Endless invention, endless experiment
Brings knowledge of motion, but not of stillness;
Knowledge of speech, but not of silence;
Knowledge of words, and ignorance of the Word.
Where is the life we have lost in living?
Where is the wisdom we have lost in knowledge?
Where is the knowledge we have lost in information?

      Martha is all about service, and service of others is not only a wonderful and Christian activity, it is what is required of us by the demands of the Gospel. Our deeds matter. And yet service cannot supplant or take place first before the need we all have for spiritual attunement. Martha wants to make music. Mary knows that you’ve got to be in tune first.
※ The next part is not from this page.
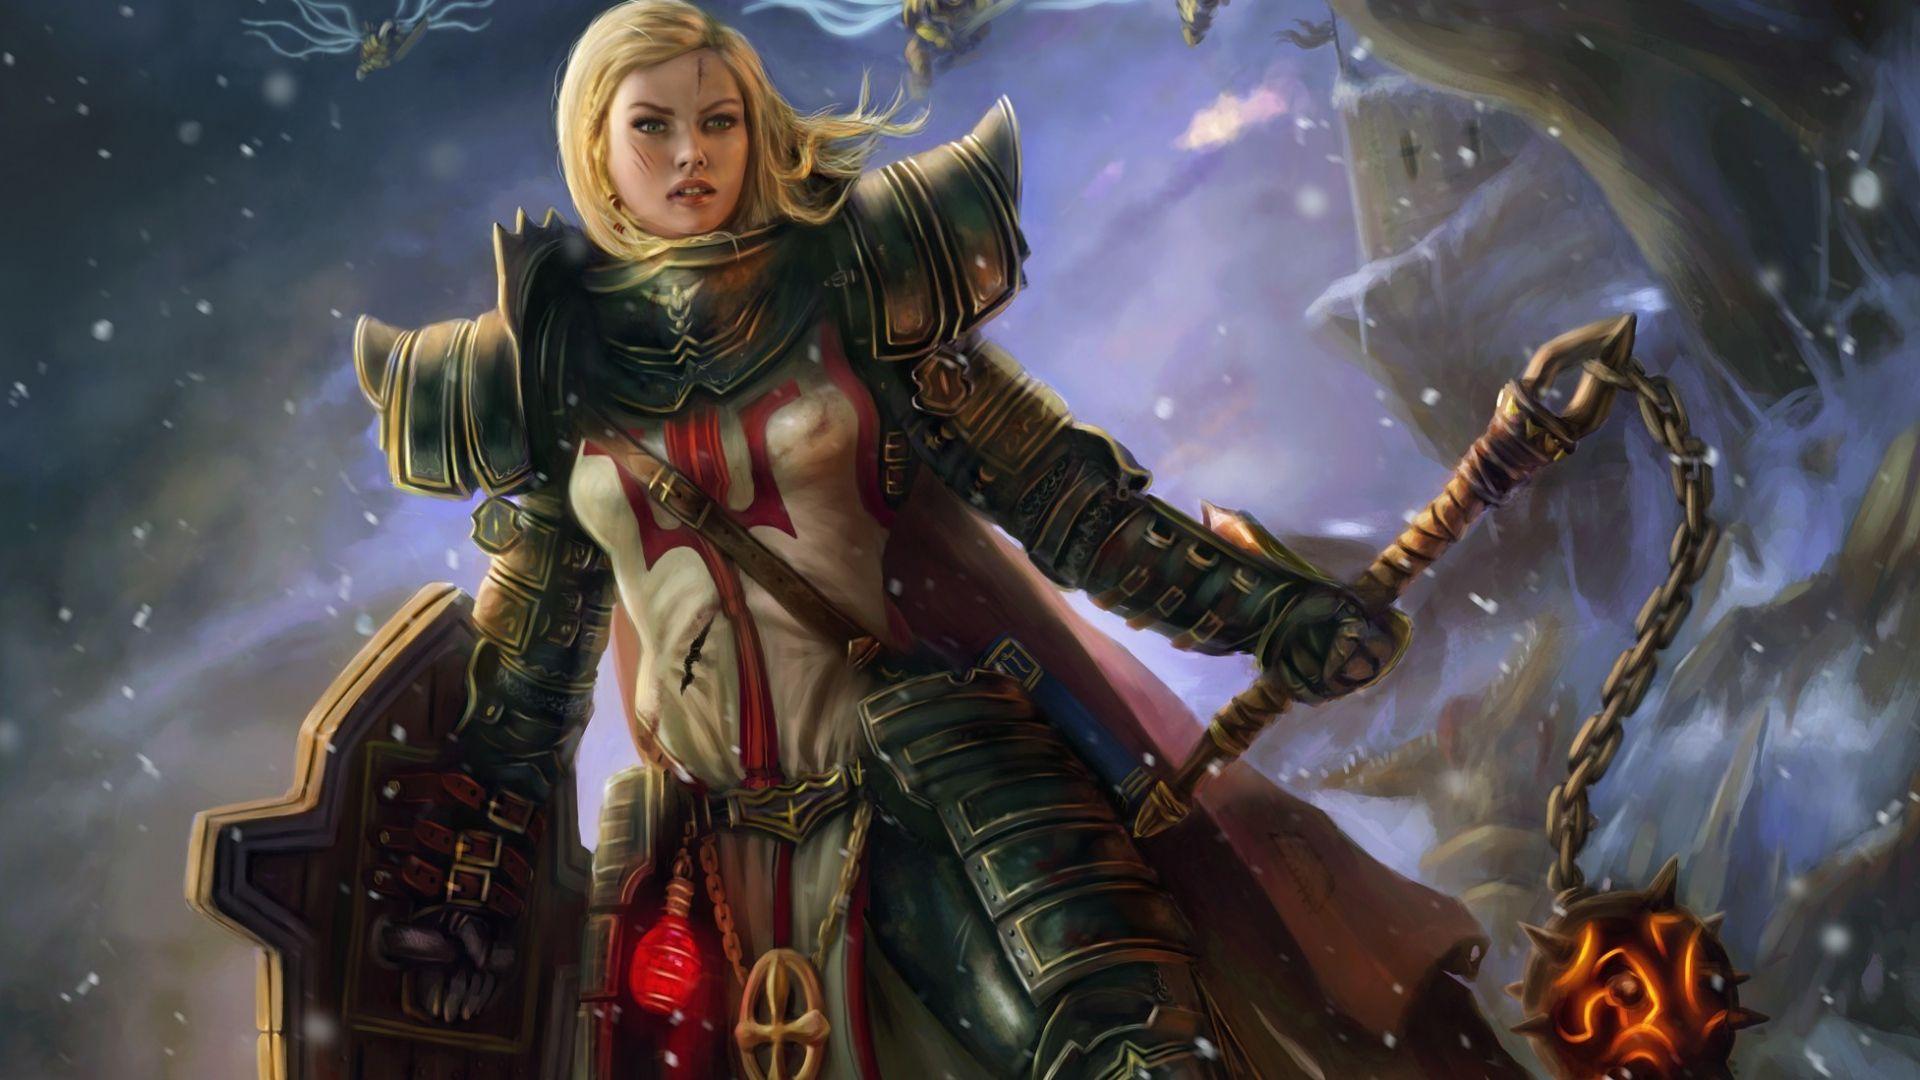 Diablo 3 Wallpaper Hd Free Download Jpg 1920 1080 Fantasy Armor Diablo Crusades

      2: I was visiting a parishioner a few weeks ago who has reached an advanced age by anyone’s standards and who offered an insight which suggested to me that wisdom has been acquired in her many years. She said, “There is too much emphases these days in marriages upon the children. Everything couples do, they say, they’re doing for the children. We invite children into OUR marriage, not the other way around.” And she is right. I thought of this while talking the other day with a friend who called me from England. He was upset about his brother’s recent divorce. They were a couple with three children heavily involved in sports and other worthwhile activities which occupied almost all their free time. It led them to spend less and less time in church on Sundays. But, they thought that was okay because they were with the children and supporting the children. The problem with all this is that the couple in question was allowed activities to camouflage problems in their marriage which ought to have been addressed. They were so busy focusing on the children that they didn’t notice themselves growing farther and farther apart. Sometimes you have to stop and focus on the thing itself. That is what Mary was doing in today’s lesson.
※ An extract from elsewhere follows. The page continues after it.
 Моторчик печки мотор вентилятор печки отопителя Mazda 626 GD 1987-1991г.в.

      3: Finally, the concept of a secular society – which is simply a society which is not a theocracy run by the church – is only possible when the institutions in that society are understood to be the living out in practical terms of spiritual principles. There was a time when that was a thing more or less understood. However, society in our own time has become increasingly hostile to religious and spiritual themes and principles. Atheists have become almost evangelical in their zeal, and spiritual principles are everywhere under attack. Making maters worse is a lack of understanding by religious leaders. There is no lack of those willing to lead, but there is very little understanding. Meanwhile, what T. S. Eliot called “The Waste Land” is very much upon us.

       In such a world, an attention to the deep things of the spirit is essential not only for growth but ultimately for survival. Mary has chosen that good part which shall not be taken away from her. Why shall it not be taken away from her? It shall not because she is focusing upon what cannot ever fade away or be diminished. Mighty empires fade away and great structures crumble over time; wealth is depleted in time; every body ages, and even talents and abilities fade, but the word of God endures forever and the things of the spirit are eternal. Seek those things which are above. Seek first the Kingdom of God and His righteousness.